Although our results illustrated the relationship between CRP and spinal MR DAS, we did not find a statistical correlation between CRP and SIJ MR DAS (r=0.149, I2=74%). It was reported that BME could be detected by SIJ MRI in a sizable proportion of CRP-negative SpA patients [18]. According to our results, MRI may provide additional information on SIJ inflammation in axSpA. We recommend SIJ MRI follow-up, especially in patients with unrelieved clinical manifestations such as low back pain, stiffness, and fatigue. Considering the high heterogeneity of studies included in analyzing the correlation between CRP and SIJ MRI, we look forward to more studies with relatively low heterogeneity to be included in the future.

We also identified a negative correlation between baseline CRP and spinal MRI improvement (r = −0.327, I2=0%). Our results provided valuable information that CRP may predict disease progression in axSpA. We speculated that residual inflammation might exist in axSpA patients with elevated CRP at baseline. In line with our hypothesis, it was reported that CRP could predict subsequent structural remodeling [51,52,53]. Consequently, we suggested that patients with elevated CRP at baseline needed more robust anti-inflammatory treatment or early initiation of biologicals. Long-term administration of biologics might be necessary for patients with high CRP levels at baseline.

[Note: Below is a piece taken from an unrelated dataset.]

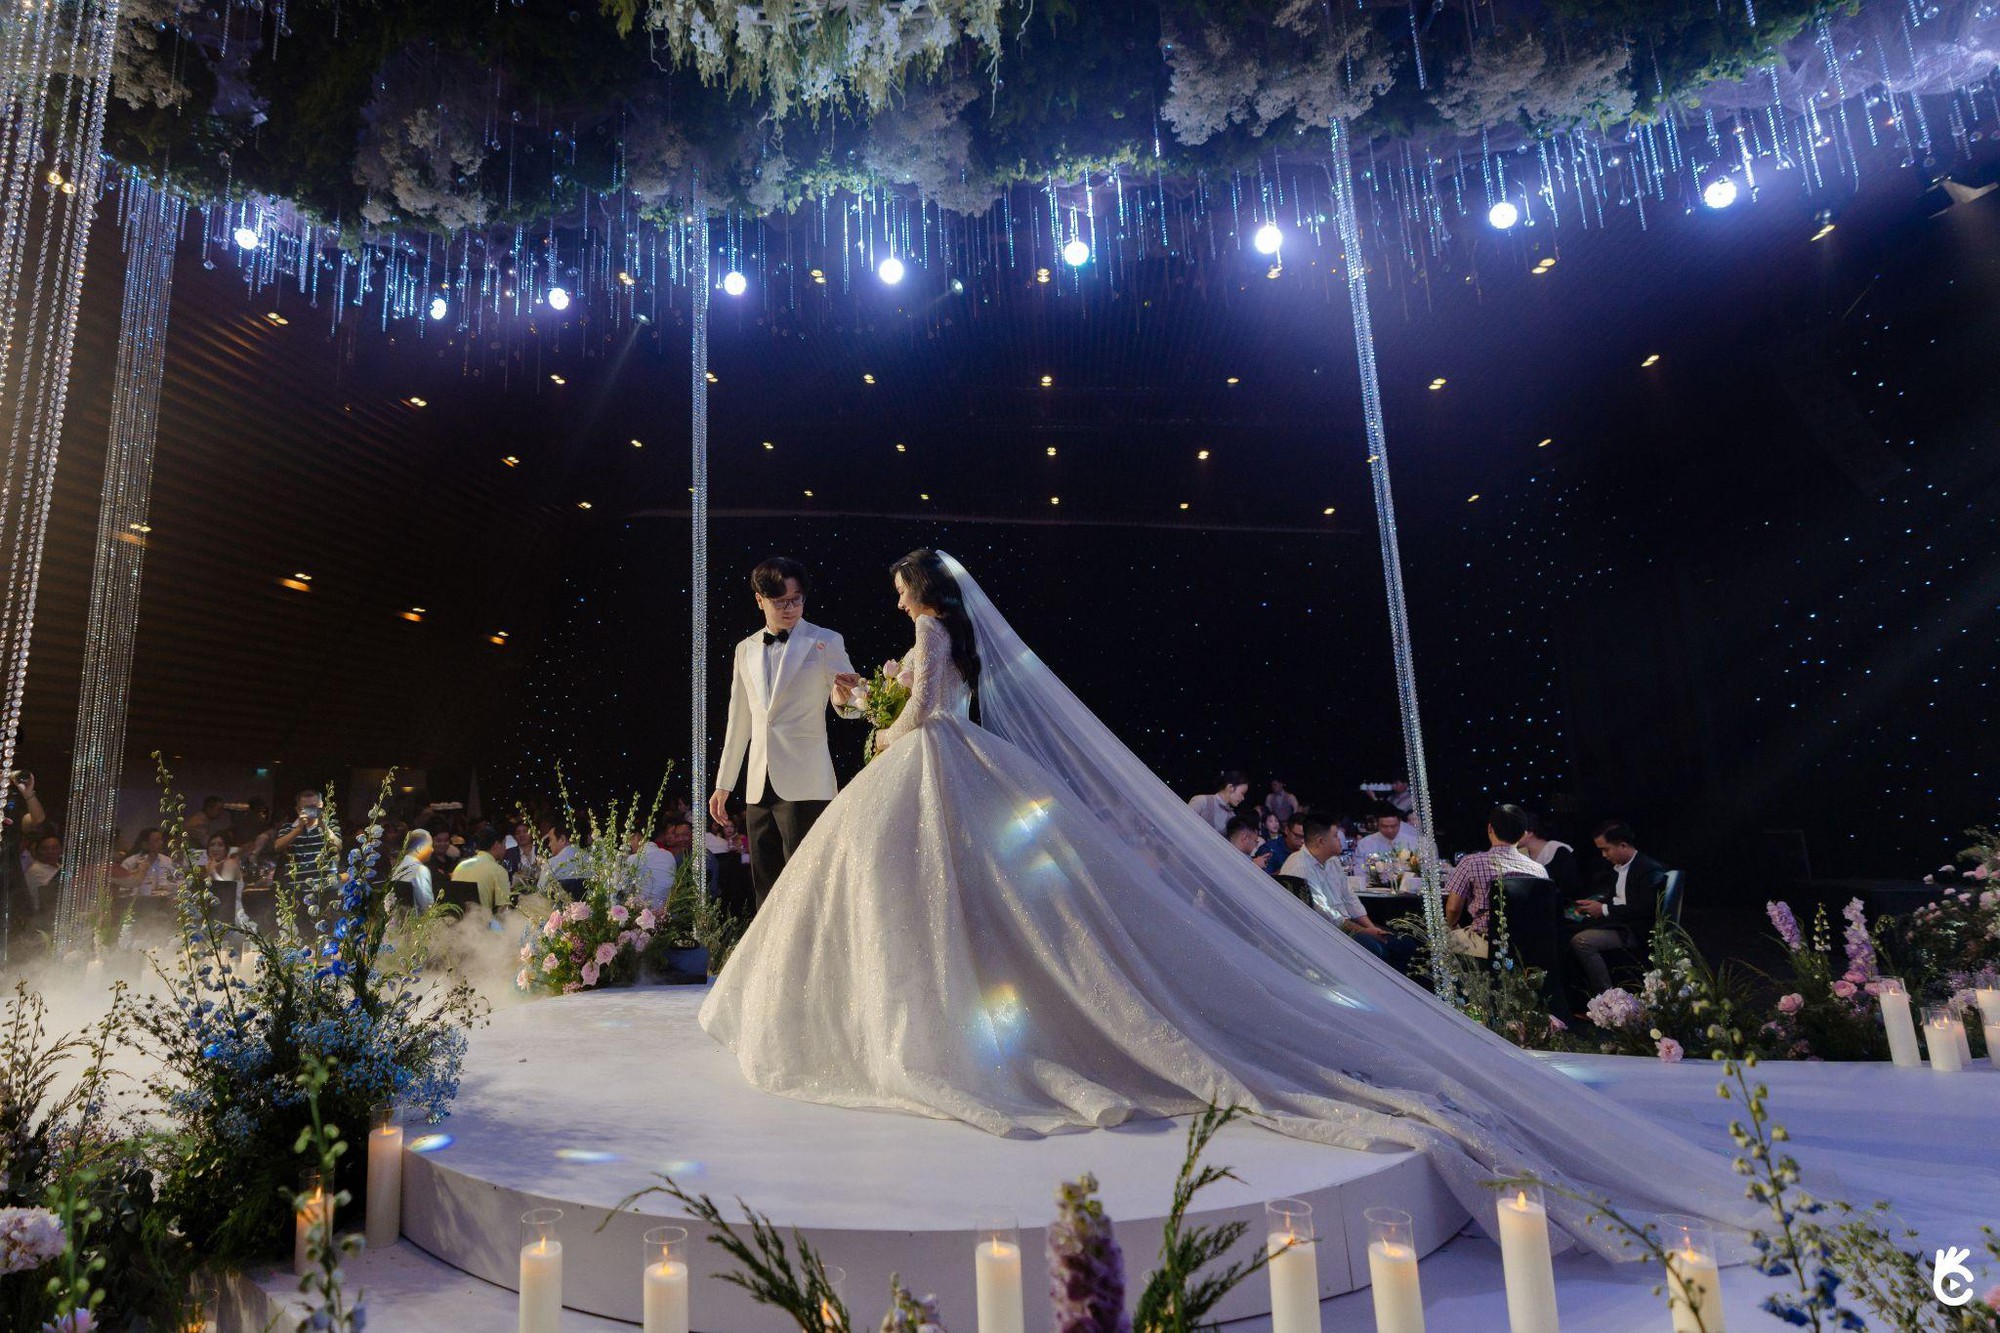 Mãn nhãn trước khoảnh khắc hiện thực hoá lễ cưới trong mơ “Garden Deste Wedding” - Ảnh 4.

To our knowledge, this is the first systematic review with meta-analysis to investigate the correlation between CRP and MR DAS in axSpA patients. Most studies included in our meta-analysis showed low-to-moderate heterogeneity (shown in Figs. 2 and 3), and some studies (those analyzed for baseline CRP and spinal MR DAS change) had even no heterogeneity (shown in Fig. 2). However, a few studies (those analyzed for CRP and SIJ MR DAS, CRP change, and SIJ MR DAS change) showed high heterogeneity. This may be due to differences in scoring methods and disease duration of patients among the studies. We therefore used subgroup analysis (e.g., SPARCC method versus Berlin method) and random-effect models to reduce heterogeneity. Our study confirmed that CRP is not only a valid indicator for spinal inflammation, but also a predictive parameter for disease course. Our work shed new light on the added value of CRP in diagnosis and disease monitoring.

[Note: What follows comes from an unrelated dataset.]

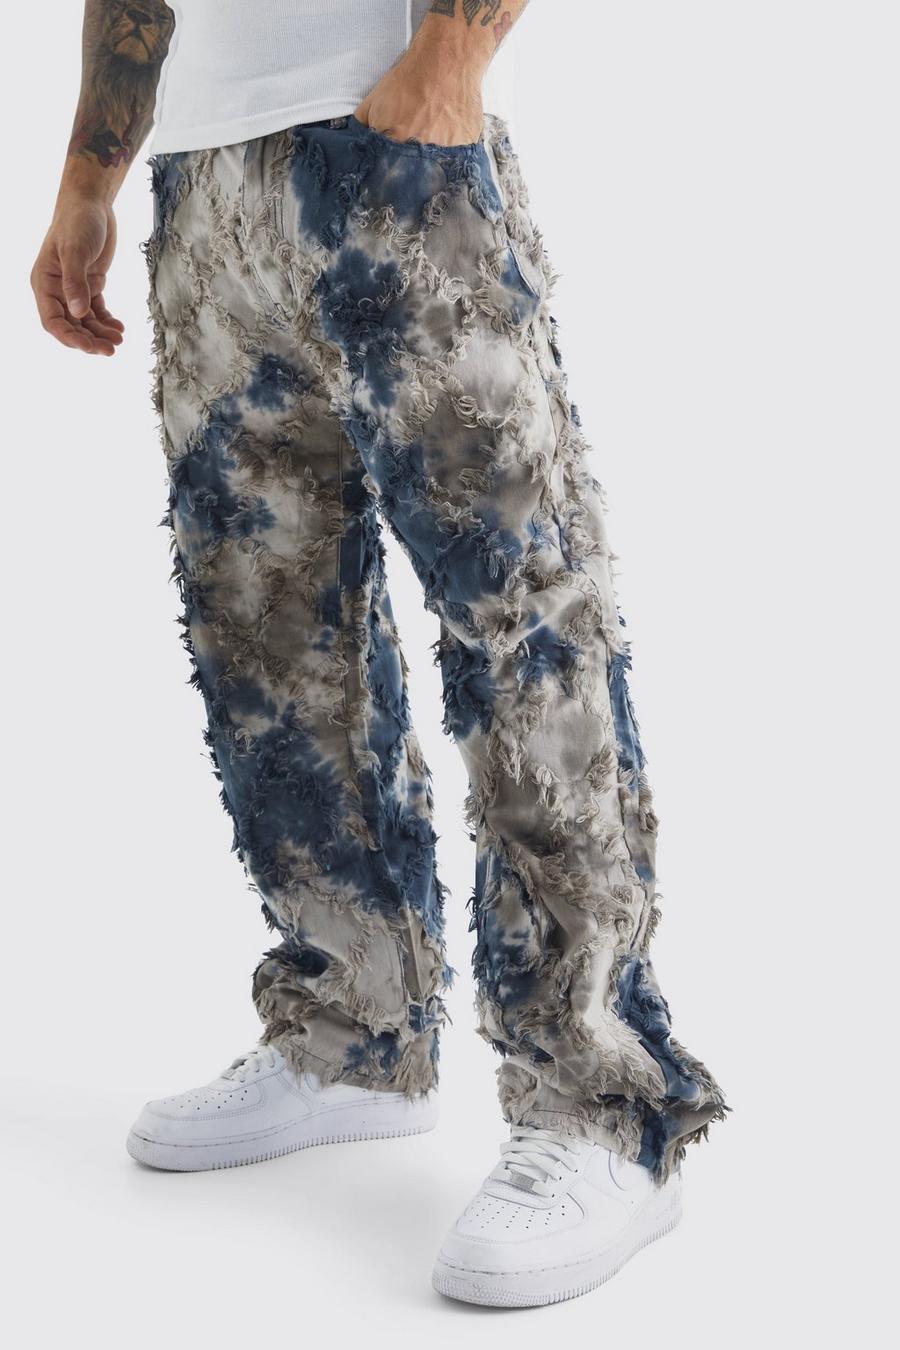 Pantaloni stile arazzo in fantasia militare effetto petrolio con vita fissa, Charcoal

It should be noted that this meta-analysis also has several limitations. First, different scoring methods are widely used to quantify inflammation in axSpA, and the issue remains about which could be more related to pathological manifestation. It is disputable whether SIJ or spinal inflammation assessment requires all slices/disco-vertebral units (DVUs) or the most heavily involved slices/DVUs. Hence, any scoring method can only be used as a semi-quantitative tool rather than a gold standard. Second, there should be an extensive focus on the disease duration. Anja et al. [45] reported that MR DAS change in SIJ was associated with CRP change in patients with disease duration longer than 4 years. However, there are not enough studies to stratify patients and sufficient evidence may be needed to validate it. Finally, we did not add study types to the inclusion criteria due to the limited number of studies concerning CRP and MRI in axSpA, which led to high heterogeneity in the correlation analysis between CRP and SIJ MR DAS.

In summary, CRP could be a reasonable index to reflect spinal inflammation, while SIJ MRI may be necessary to repeat providing additional information in the short term.

Conclusions

This systematic review and meta-analysis preliminarily explored the relationship between CRP and MR DAS. The available evidence is in favor of CRP as an indicator and predictive parameter for spinal inflammatory lesions in axSpA. Nevertheless, SIJ MRI seems to be indispensable in disease monitoring.